Drew has 2 universities listed. Let's change the column name to colleges. 

In [None]:
celtics.rename(columns={"college": "colleges"})

```
Note: we can change all of the column names as well:

celtics.columns = [<list of new column names>]

This syntax requires you to specify all of the column names.The previous example above using DataFrame.rename() allows
selecting renaming and is more common.
```

There are a number of reasons for doing this. Sometimes source data has column names w/ spaces or that start w/ numbers or other limitations that prevent us from using dot notation. We might rename columns to fix this, because dot notation tends to be less error prone than bracket notation. 

Another reason is presentation. After all of your data wrangling is finished, you might want to output new column names that reflect some polish. This is the most common use of DataFrame.columns, because it's more likely that all of the columns will be renamed to fit presentation requirements. 

### Adding Columns by merging data frames

We could add a single column, but we will be doing that a bit later, and I want to add some data to make this more involved, so let's add a second. Before we can do that, let's create the data frame and figure out a good field to merge them.

In [None]:
totals = pandas.read_csv('boston_celtics_2023_2024_totals.csv')
totals.head(10)

Yikes. Not much to play with.
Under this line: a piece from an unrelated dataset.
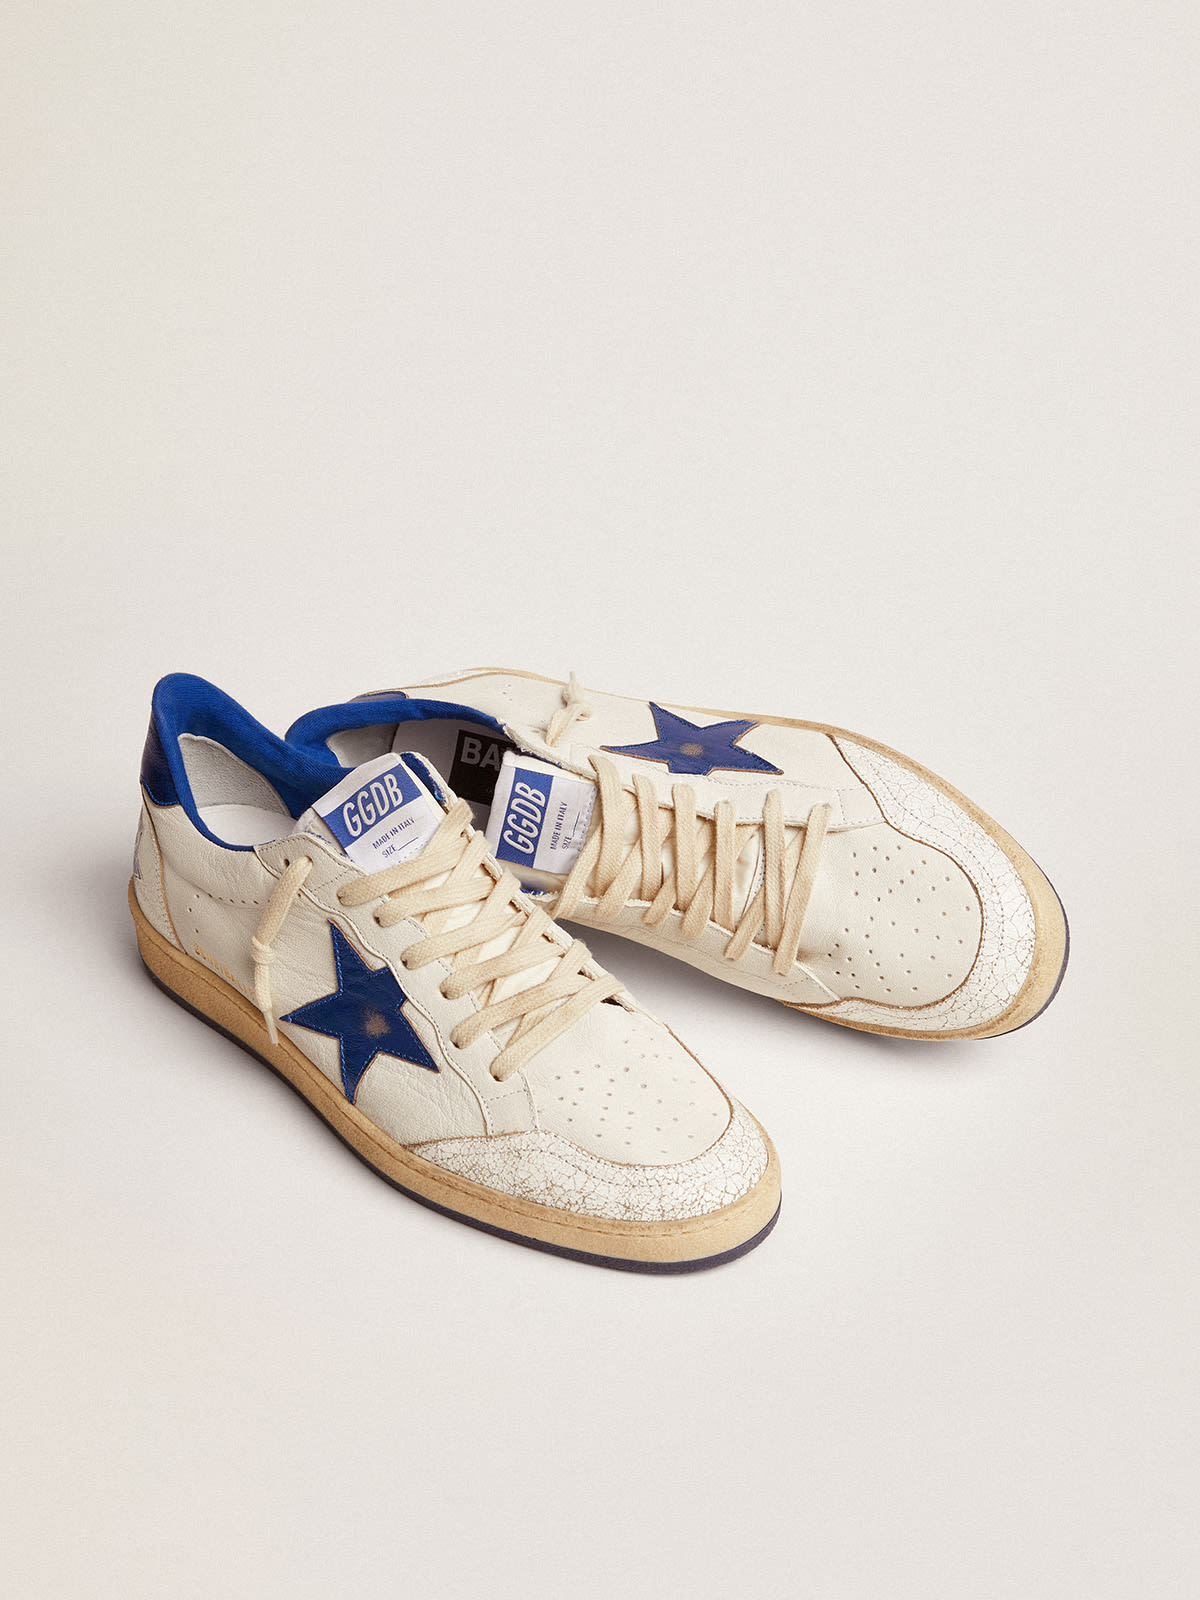 Golden Goose - Men's Ball Star in white nappa with blue star and heel tab in

We only have 2 options. 
1. We can use the player name, which is usually going to be unique on a sports team (at least within a given season).
2. We could calculate the age of the player from the first data frame based on their birthdate and match it to their age in this data frame. The downside is that we don't really know how it's been calculated (what if they had a birthday mid-season? Is this current? etc.)
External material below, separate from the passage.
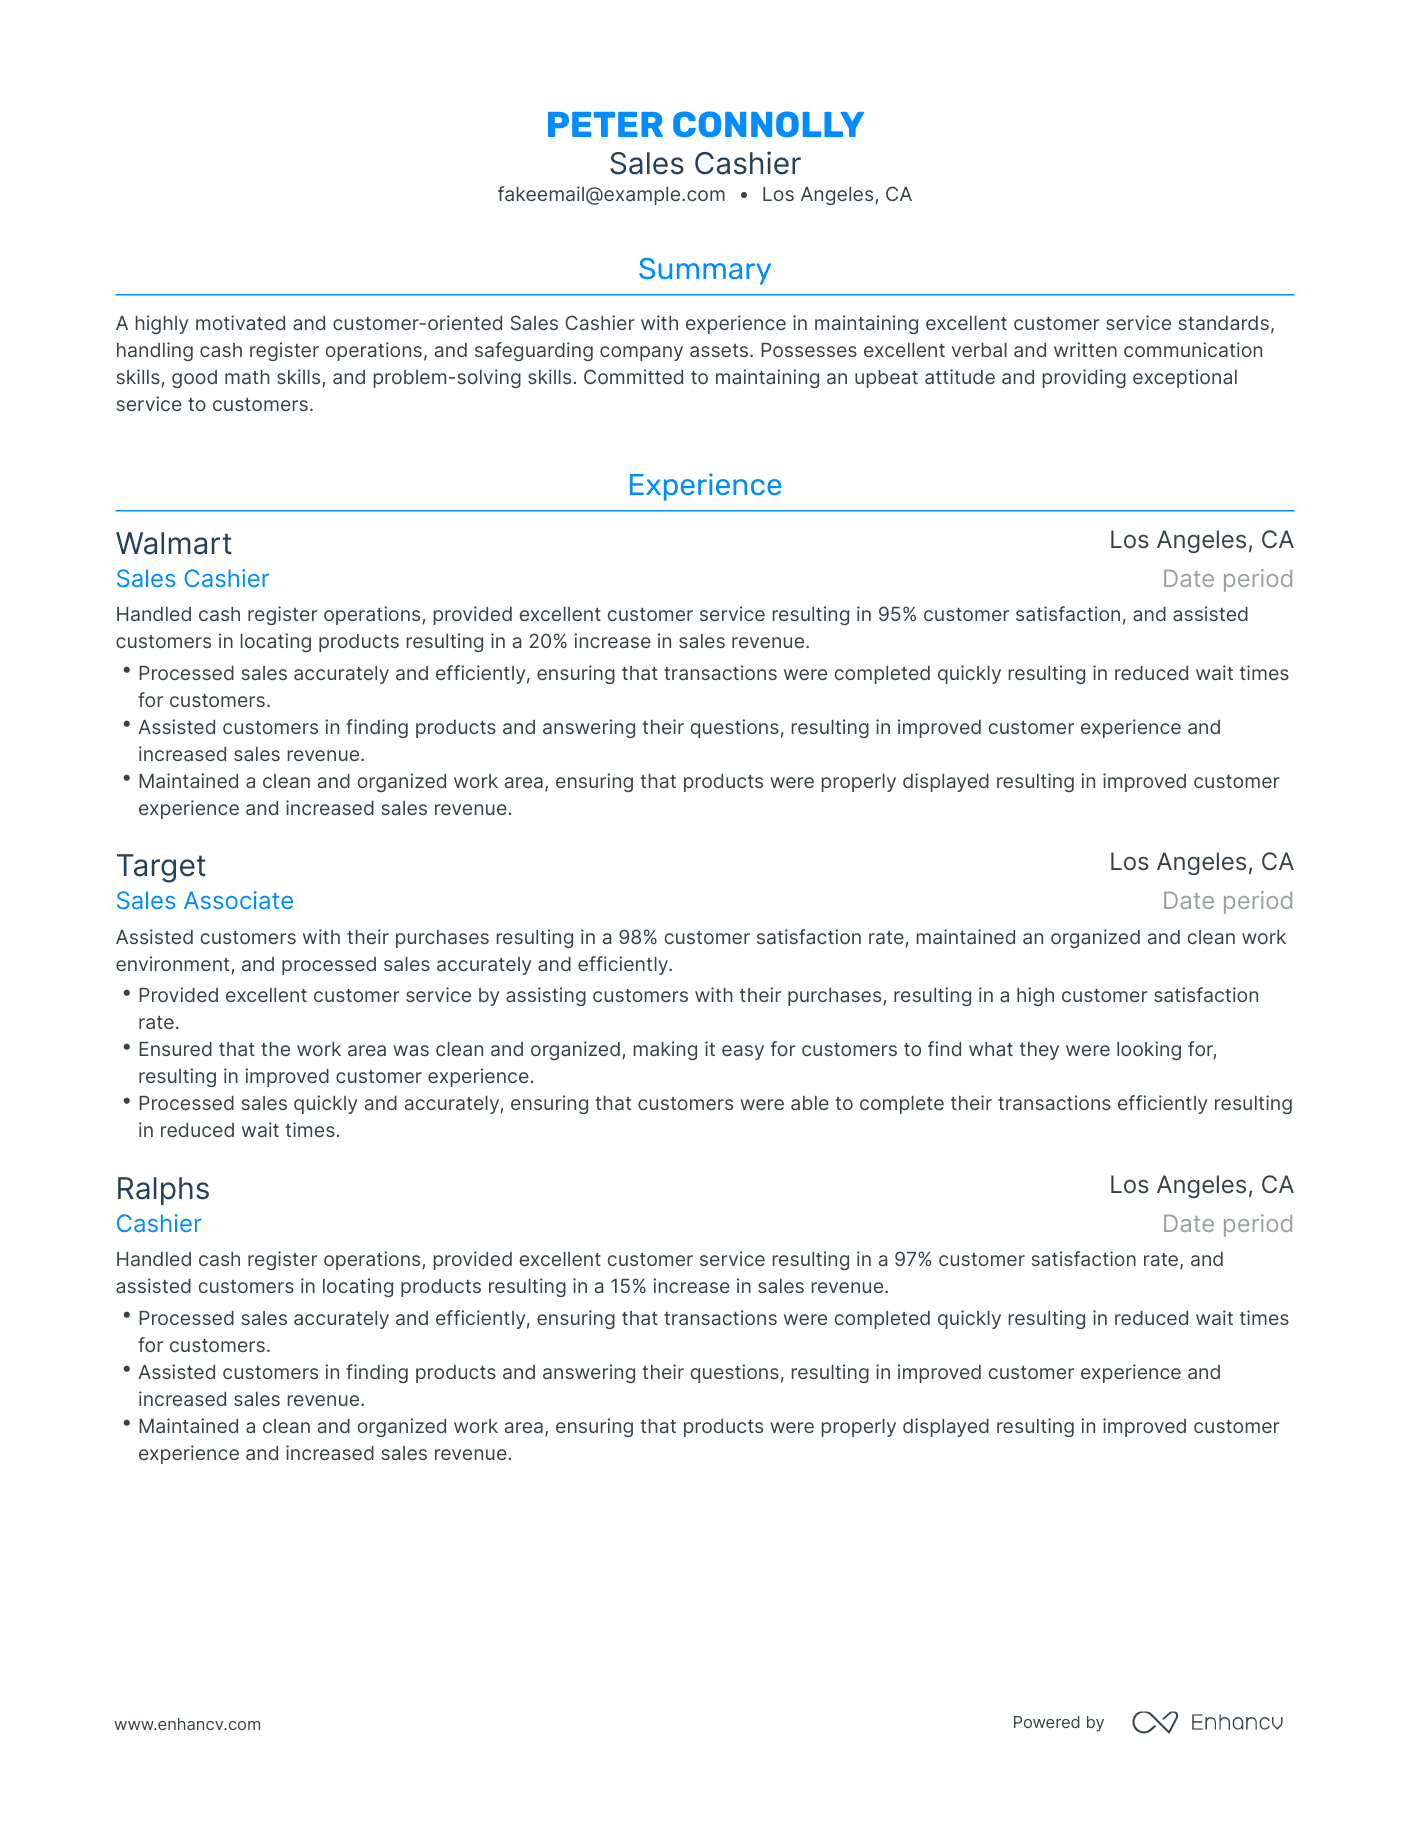 Traditional Sales Cashier Resume Template

For our purposes, players is the best way to do this right now. 

In [None]:
# Using an "outer" method, which is similar to a SQL full outer join so we get all of the data. 
celtics = pandas.merge(celtics, totals, on='player', how='outer')
celtics.head(10)

Whoa, nellie! That certainly added a ton of data, and I imagine you can start to pick out some problems. 
Let's look at the DataFrame's structure and the data types. 
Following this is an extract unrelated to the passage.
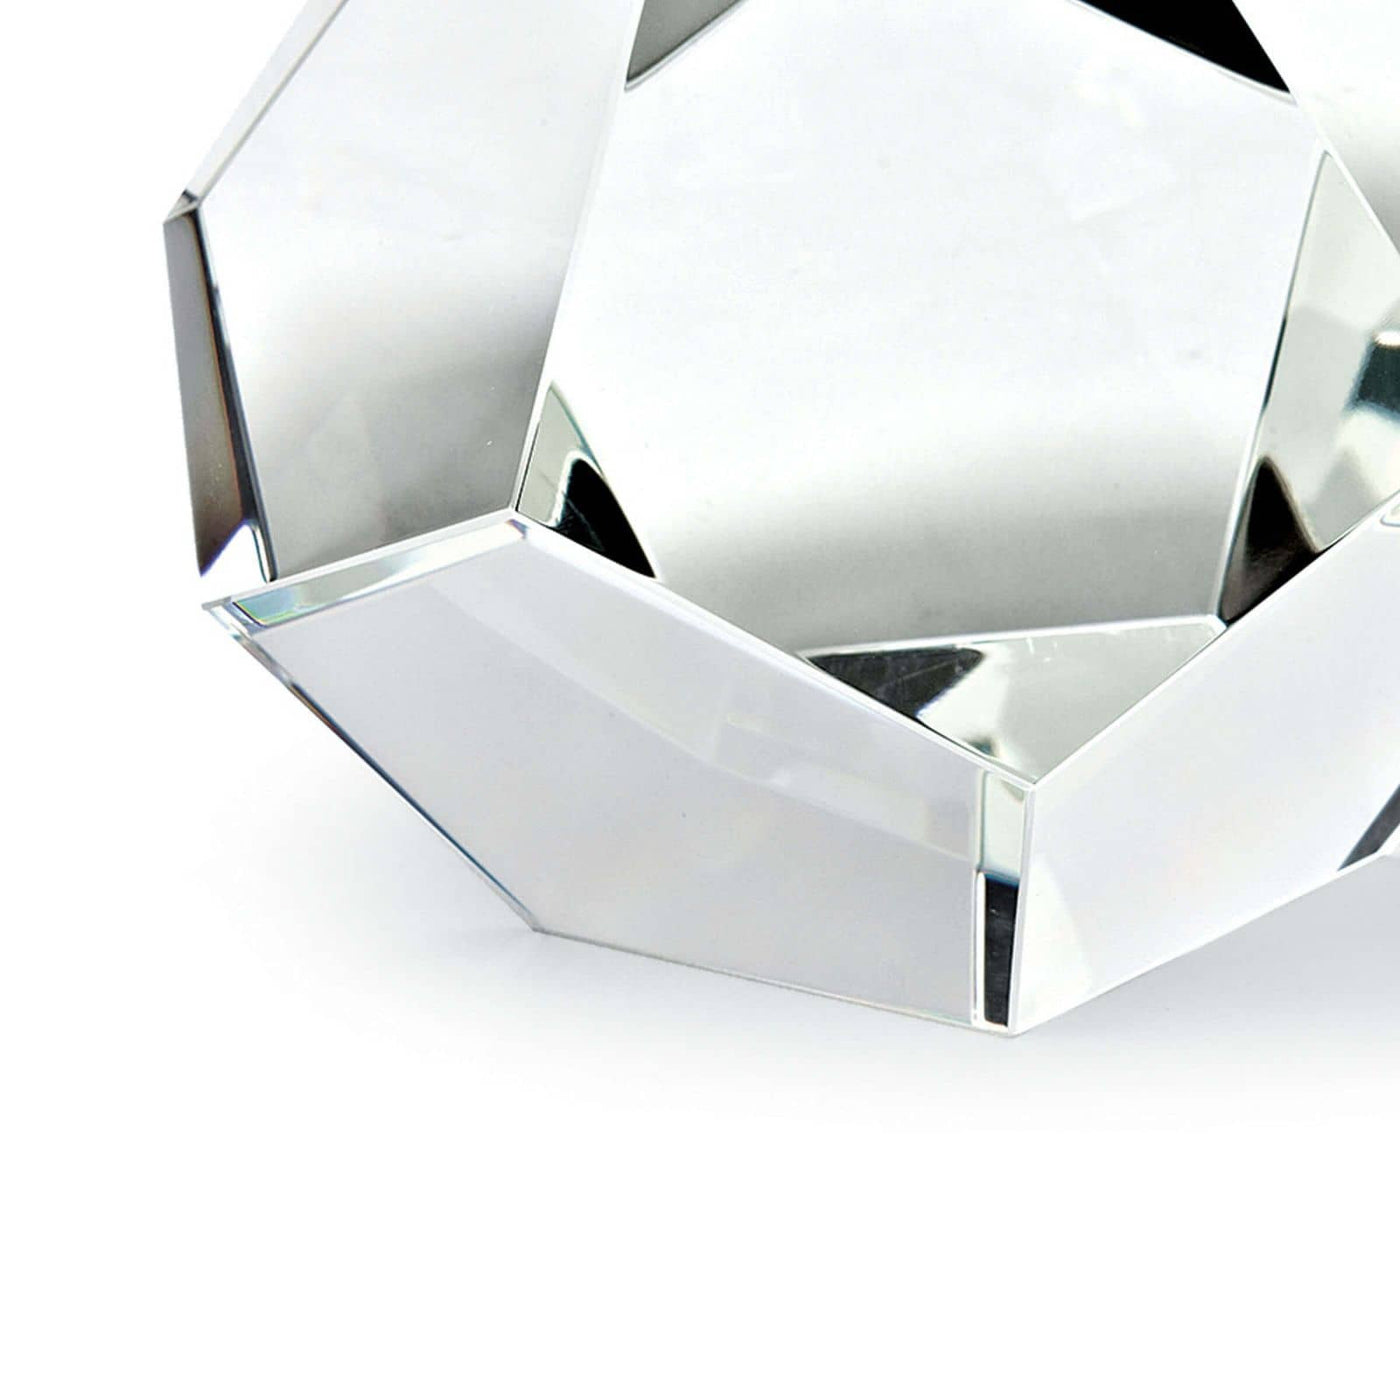 SCULPTURE CRYSTAL DODECAHEDRON SMALL

Pay attention to the non-null values. This is one of the common results of merging data frames or tables

In [None]:
celtics.info()

### Brief Note On Display options. 
Hmm... we can't see all of our columns. 

Let's change that...

In [None]:
pandas.options.display.max_columns = None
pandas.options.display.max_rows = None

celtics.head(10)

### Creating a new column from derived data. 

As you can see, we have a considerable number of pre-calculated fields. (Thanks to the wonderful folks at ![basketball-reference.com](https://basketball-reference.com).) 

However, they left a few for us to play with. We only have total points, but points-per-game is a common statistic. Let's start by looking at the columns. 

In [None]:
celtics[['player', 'G', 'PTS']]

We're going to create a new column called 'PPG' for Points Per Game. We're going to compute the data based on The information we just queried

Afterwards, let's sort the results in descending order based on the highest point scorers per-game

In [None]:
celtics['PPG'] = celtics.PTS / celtics.G
celtics[['player', 'G', 'PTS', 'PPG']].sort_values(by=['PPG'], ascending=False)

### Lambdas (Python) to create columns

That player column is bugging me. I'd like to split that up

In [None]:
# Create some lambdas to do work for us
get_first_name = lambda word: word.split(' ')[0]
get_last_name = lambda word: word.split(' ')[1]

# This is a little bit more challenging. You have to use the negative index to avoid a 'list index out of range'
get_suffix = lambda suffix: suffix.split(' ')[-1] if len(suffix.split(' ')) > 2 else 'null'

# Create the new columns
celtics['first_name'] = celtics.player.apply(get_first_name)
celtics['last_name'] = celtics.player.apply(get_last_name)
celtics['suffix'] = celtics.player.apply(get_suffix)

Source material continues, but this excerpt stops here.